In large environments you want to be able to scale the compute and storage part independently. In case you run Open vStorage hyper-converged, as advised with earlier versions, this isn’t possible. This has as consequence that if you need more RAM or CPU to run VMs, you had to also invest in more SSDs. With the Edge you can scale compute and storage independent.

Guaranteed performance

With Eugene the Volume Driver, the high performance distributed block layer, was running on the compute host together with the VMs. This results in the VMs and the Volume Driver fighting for the same CPU and RAM resources. This is a typical issue with hyper-converged solutions. The Edge component avoids this problem as it runs on the compute hosts (and requires only a small amount of resources) and the Volume Drivers runs on dedicated nodes and hence provides a predictable and consistent amount of IOPS to the VMs.

Limit the Impact of Updates

Storage software updates are a (storage) administrator’s worst nightmare. In previous Open vStorage versions an update of the Volume Driver required all VMs on that node to be migrated or brought down.With the Edge the Volume Driver can be updated in the background as each Edge/compute host has HA features and can automatically connect to another Volume Driver on request without the need of a VM migration.

Edge: HA, failure and the moving of volumes explained

edge HA FailoverOpen vStorage is designed to be rock solid and survive failures.

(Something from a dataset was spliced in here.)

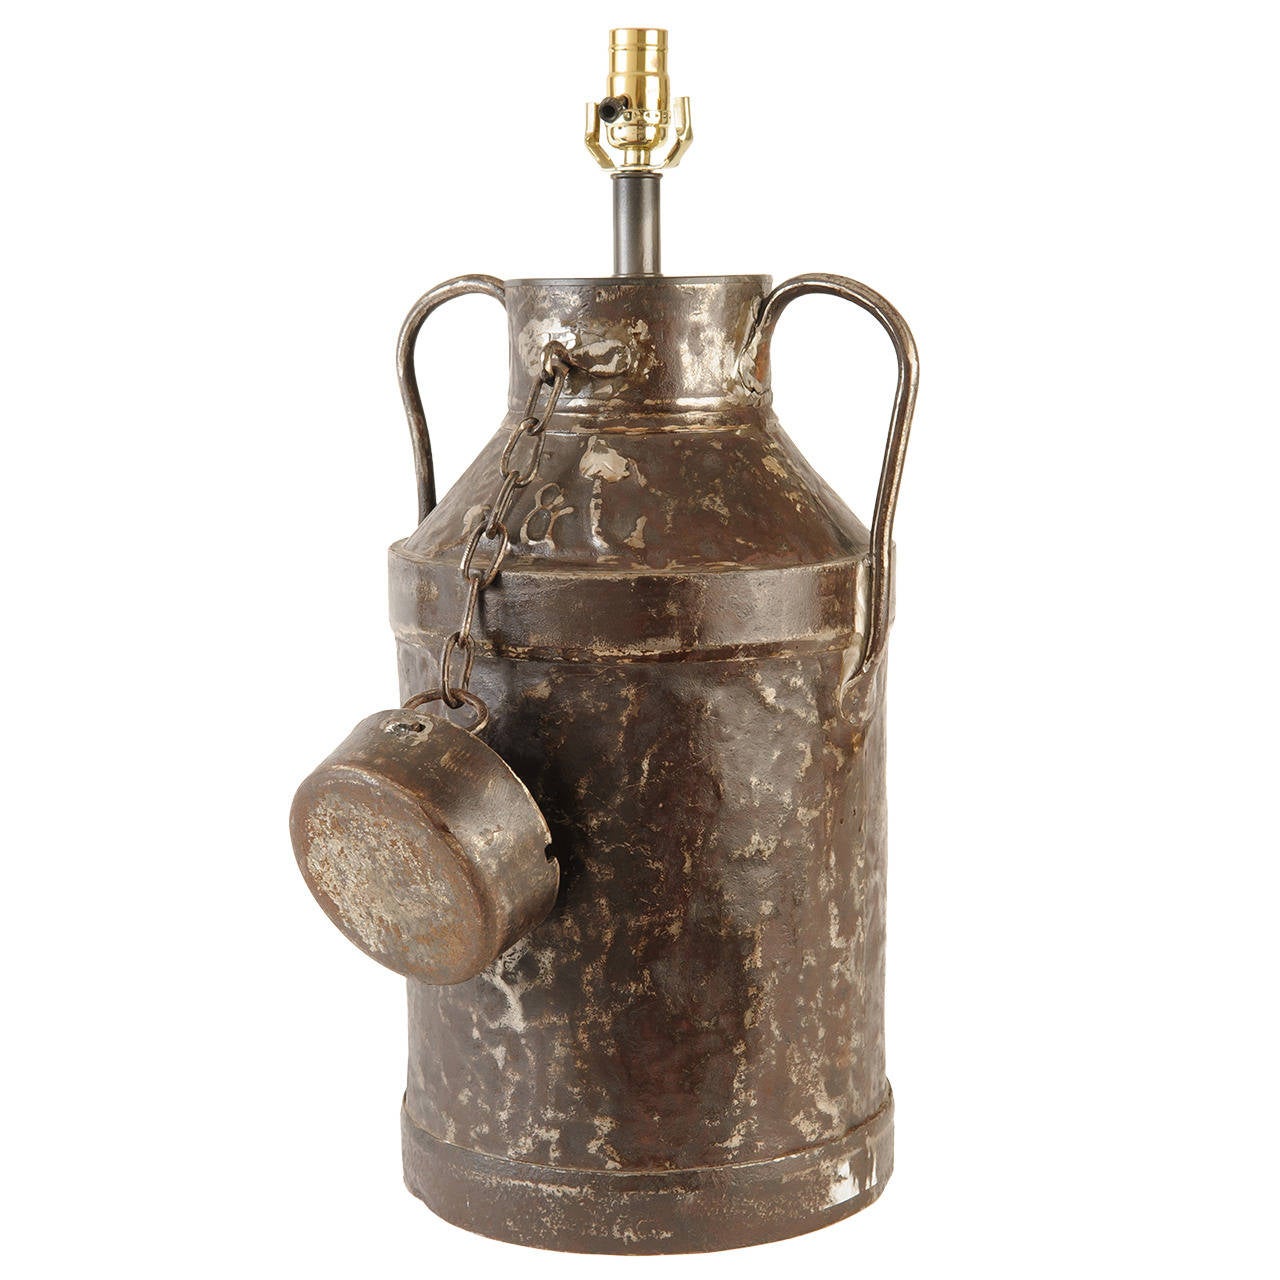 Pair of Metal French Milk Can Lamps For Sale at 1stdibs

These failures can come in many forms and shapes: nodes might die, network connections might get interrupted, … Let’s give an overview of the different tactics that are used by Open vStorage when disaster strikes by going over some possible use cases where the new edge plays a role.

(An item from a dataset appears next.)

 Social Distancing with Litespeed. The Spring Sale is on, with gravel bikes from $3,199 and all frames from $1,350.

Use case 1: A hypervisor fails

In case the hypervisor fails, the hypervisor management (OpenStack, vCenter, …) will detect the failure and restart the VM on another hypervisor. Since the VM is started on another hypervisor, the VM will talk to the edge client on the new hypervisor. The edge client will connect to a volume driver in the vPool and enquire which volume driver owns the disks of the VM. The volume driver responds who is the owner and the edge connects to the volume driver owning the volume. This all happens almost instantaneously and in the background so the the IO of the VM isn’t affected.

Use case 2: A Storage Router fails

In case a Storage Router and hence the volume driver on it die, the edge client automatically detects that the connection to the volume driver is lost. Luckily the edge keeps a list of volume drivers which also serve the vPool and it connects to one of the remaining volume drivers in the vPool. It is clear that the edge prefers to fail-over to a volume driver which is close-by f.e. within the same datacenter. The new volume driver to which the edge connects detects that it isn’t the owner of the volume. As the old volume driver is no longer online, the new volume driver steals the ownership of the VMs volume. Stealing is allowed in this case as the old volume driver is down. Once the new volume driver becomes the owner of the volumes, the edge client can start serving IO. This whole process process happens in the background and halts the IO of the VM for a fraction of a second.

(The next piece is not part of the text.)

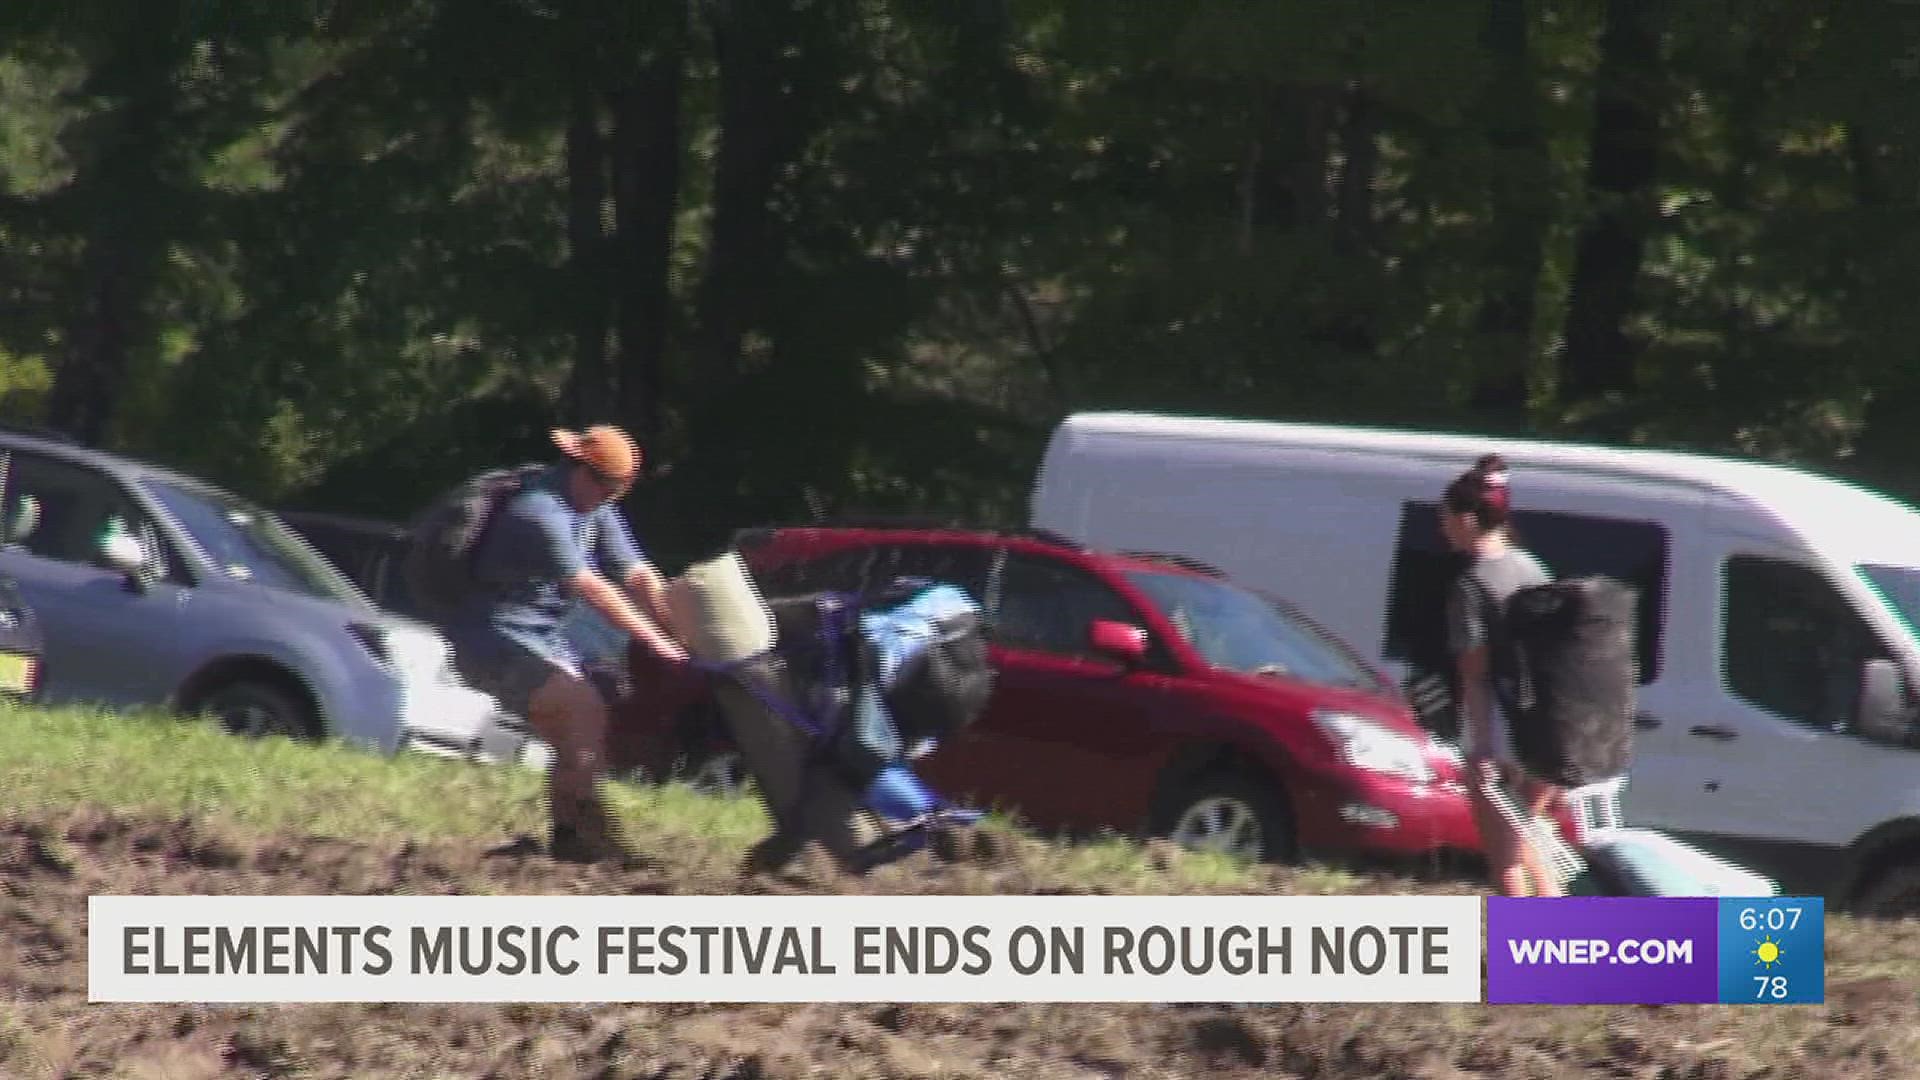 A three-day music festival was held in Wayne County over the weekend and some people who attended it called it a logistical nightmare.

Use case 3: Network issues

In some exceptional cases it isn’t the hypervisor or the storage router that fails but the network in between. This is an administrator’s worst nightmare as it might lead to split brain scenarios. Even in this case the edge is able to outlive the disaster. As the network connection between the edge and the volume driver is lost, the edge will assume the volume driver is dead. Hence, as in use case 2 the edge connects to another volume driver in the same vPool. The volume driver first tries to contact the old volume driver.

Now there are 2 options:

  • The new volume driver can contact the old volume driver. After some IO is exchanged the new volume driver asks the old volume driver to hand over the volume. This handover doesn’t impact the edge.
  • The new volume driver can also not contact the old volume driver. In that case old volume driver steals the volume from the old volume driver. It does this by updating the ownership of the volume in the distributed DB and by uploading a new key to the backend. As the ALBA backend uses a conditional write approach, it only writes the IO to disks of the backend if the accompanying key is valid, it can ensure only the new volume driver is allowed to write to the backend. If the old volume driver would still be online (split brain) and try to update the backend, the write would fail as it is using an outdated key.

Fargo: the updated Open vStorage Architecture

With the Fargo release of Open vStorage we are focussing even more on the Open vStorage sweet spot: multi-petabyte, multi-datacenter storage clusters which offer super-fast block storage.
In order to achieve this we had to significantly change the architecture for the Fargo release. Eugene, the version before Fargo, already had the Shared Memory Server (SHM) in its code base but its wasn’t activated by default. The Fargo release now primarily uses the SHM approach. To make even more use of it, we created the Open vStorage Edge. The Edge is a lightweight block storage driver which can be installed on Linux servers (hosts running the hypervisor or inside the VM) and talks across the network to the Shared Memory of a remote Volume Driver. Both TCP/IP and the low latency RDMA protocol can be used to connect the Edge with the Volume Driver. Northbound the Edge has an iSCSI, Blktap and QEMU interface. Additional interfaces such as iSER and FCoE are planned. Next to the new Edge interface, the slower Virtual Machine interface which exposes a Virtual File System (NFS, FUSE), is still supported.

Architecture

The Volume Driver has also been optimized for performance. The locks in the write path have been revised in order to minimize their impact. More radical is the decision to remove the deduplication functionality from the Volume Driver in order to keep the size of the metadata of the volumes to a strict minimum. By removing the bytes reserved for the hash, we are capable of keeping all the metadata in RAM and push the performance across 1 million IOPS per host on decent hardware. For those who absolutely need deduplication there is still a version available of the Volume Driver which has support for deduplication.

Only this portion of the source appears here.